CMU study finds climate and health costs of plug-ins in coal-heavy PJM region dropping rapidly; importance of shift from nickel-based batteries and tightening emissions regs

A new Carnegie Mellon study finds that the climate change and human health costs of owning and operating a plug-in electric vehicle in coal-heavy regions of the eastern United States have dropped significantly as coal-fired power plants that supply electricity to charge electric vehicles have been displaced by natural gas.

This shift has made electric and gasoline vehicle lifetime emissions costs comparable, but the open-access study, published in the ACS journal Environmental Science & Technology illustrates that where they go from here will depend on a few key factors.
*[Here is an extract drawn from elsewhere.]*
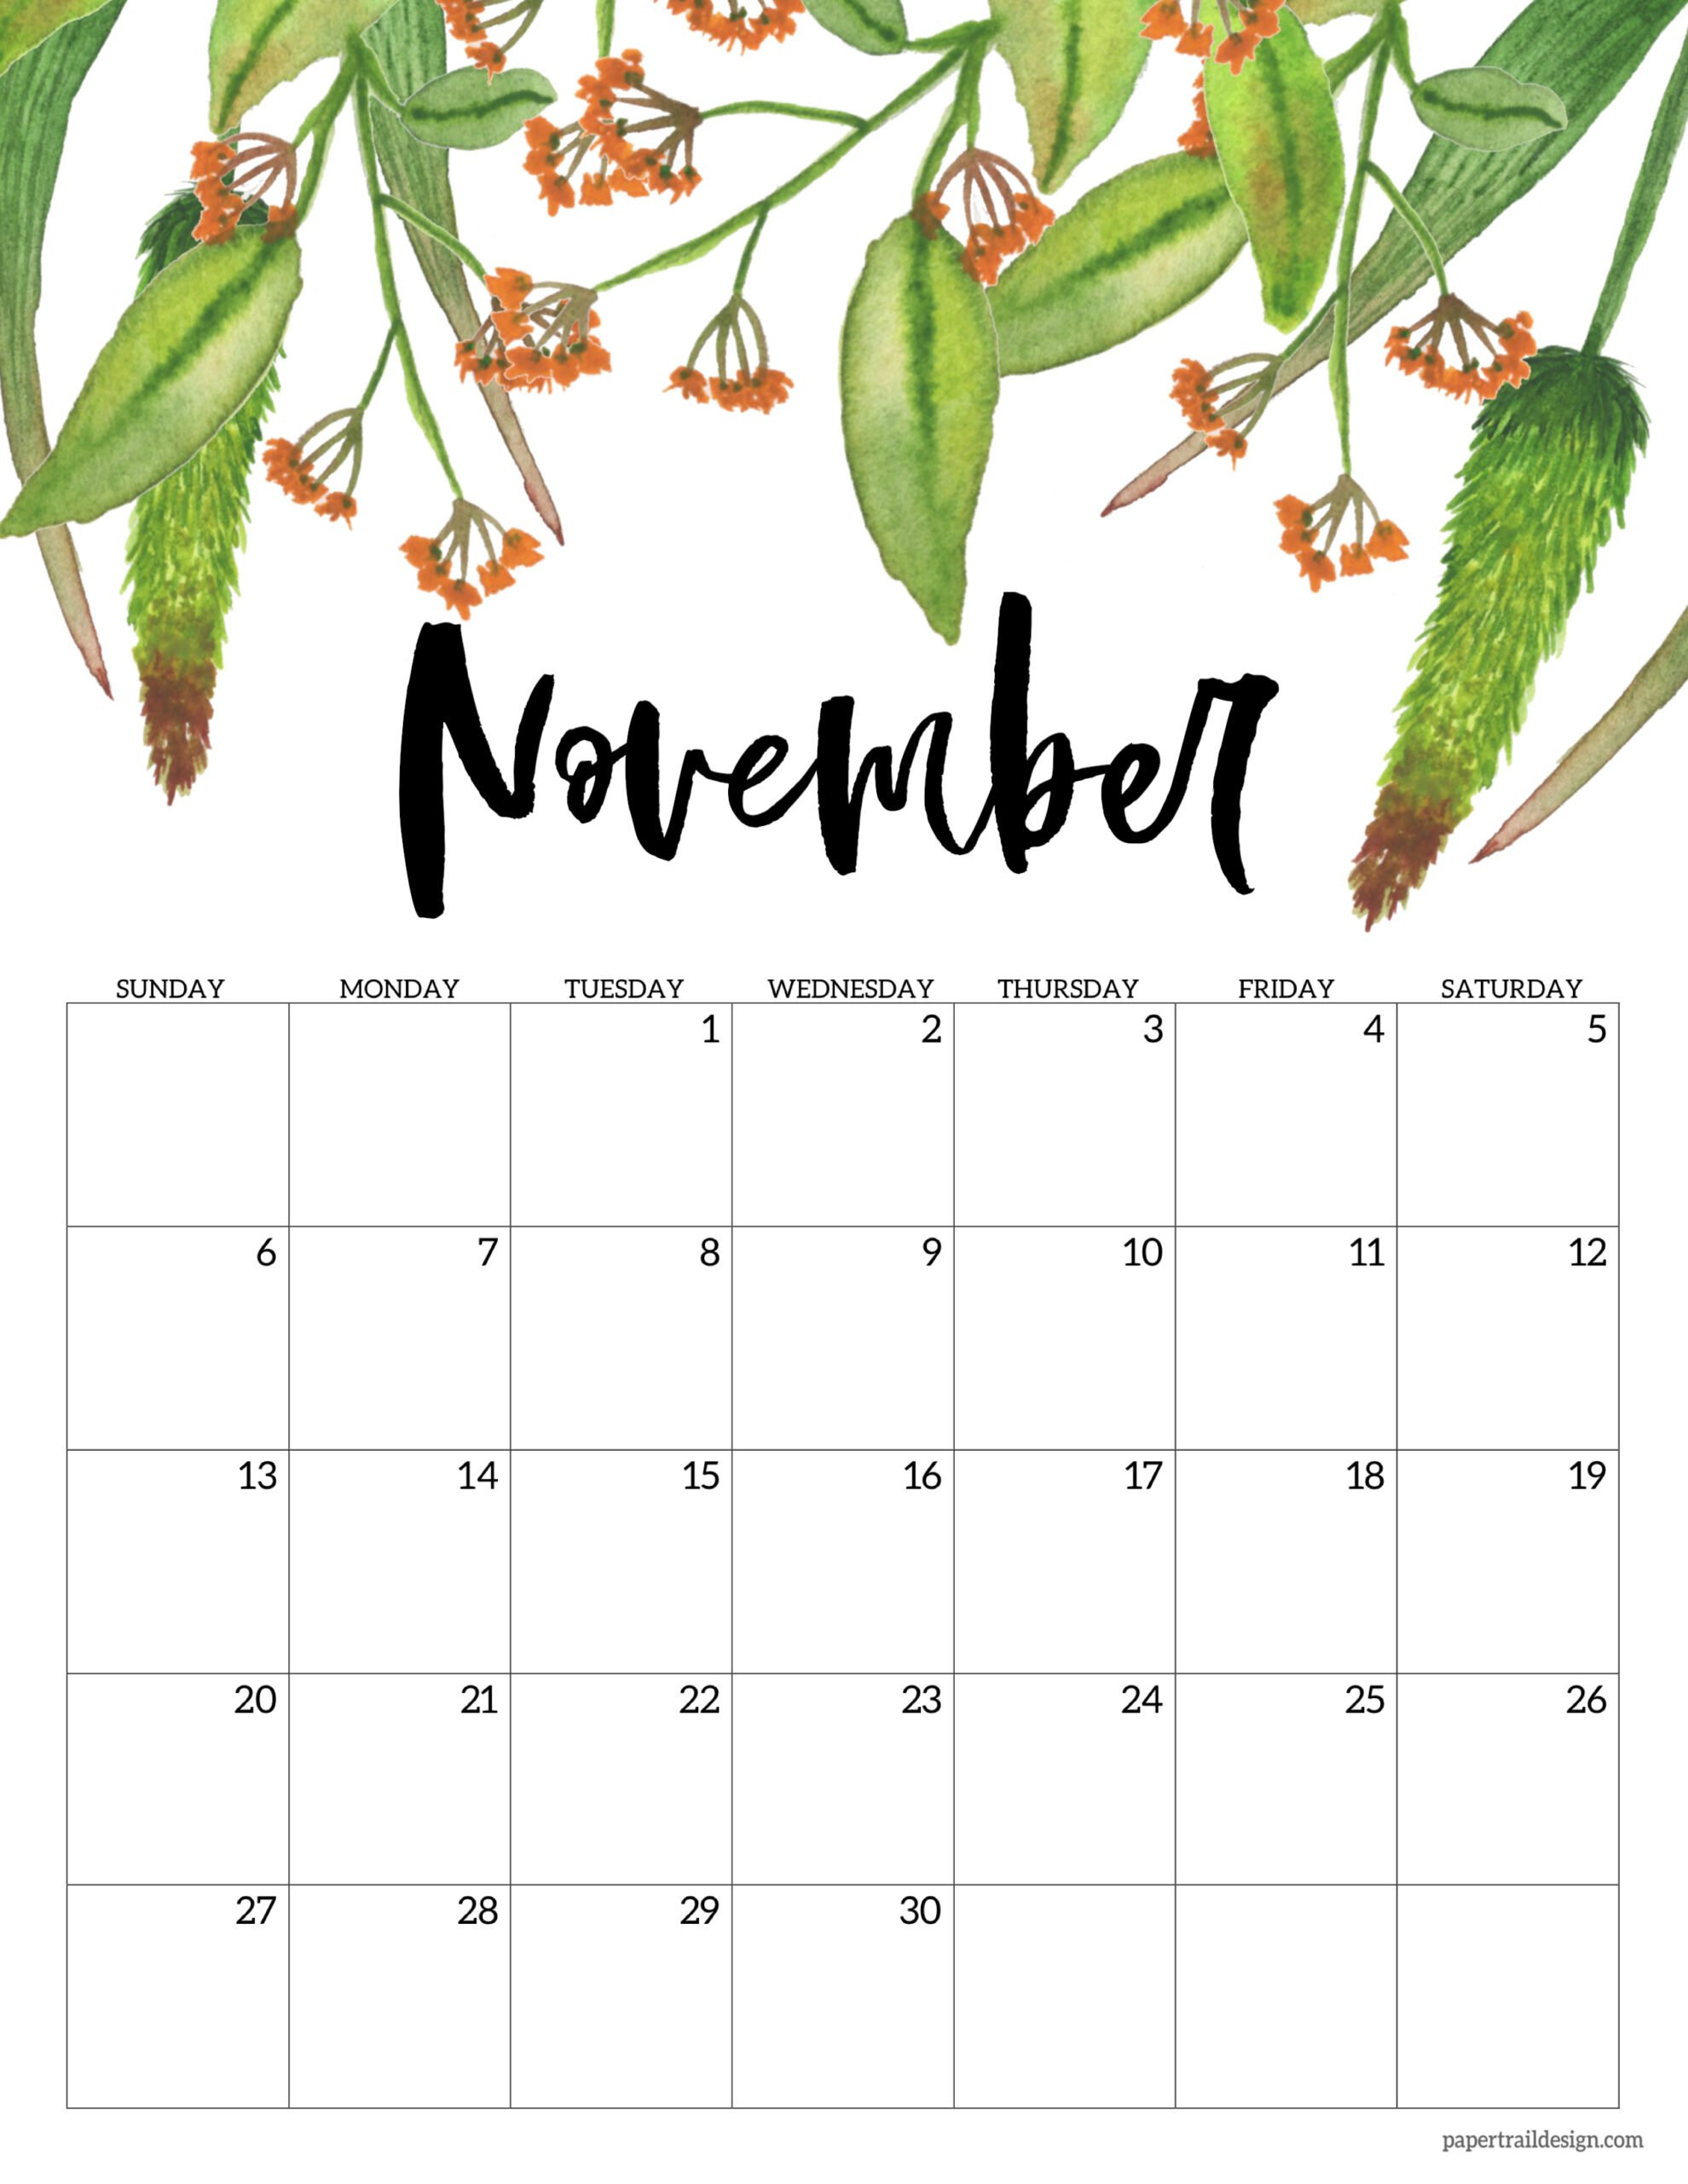 Month november. Календарь ноябрь. Календарь ноябрь 2021. Красивый календарь. Календарь для распечатки.

Plug-in electric vehicles (PEVs) can reduce air emissions when charged with clean power, but prior work estimated that in 2010, PEVs produced 2 to 3 times the consequential air emission externalities of gasoline vehicles in PJM (the largest US regional transmission operator, serving 65 million people) due largely to increased generation from coal-fired power plants to charge the vehicles.

We investigate how this situation has changed since 2010, where we are now, and what the largest levers are for reducing PEV consequential life cycle emission externalities in the near future. We estimate that PEV emission externalities have dropped by 17% to 18% in PJM as natural gas replaced coal, but they will remain comparable to gasoline vehicle externalities in base case trajectories through at least 2035.

Increased wind and solar power capacity is critical to achieving deep decarbonization in the long run, but through 2035 we estimate that it will primarily shift which fossil generators operate on the margin at times when PEVs charge and can even increase consequential PEV charging emissions in the near term.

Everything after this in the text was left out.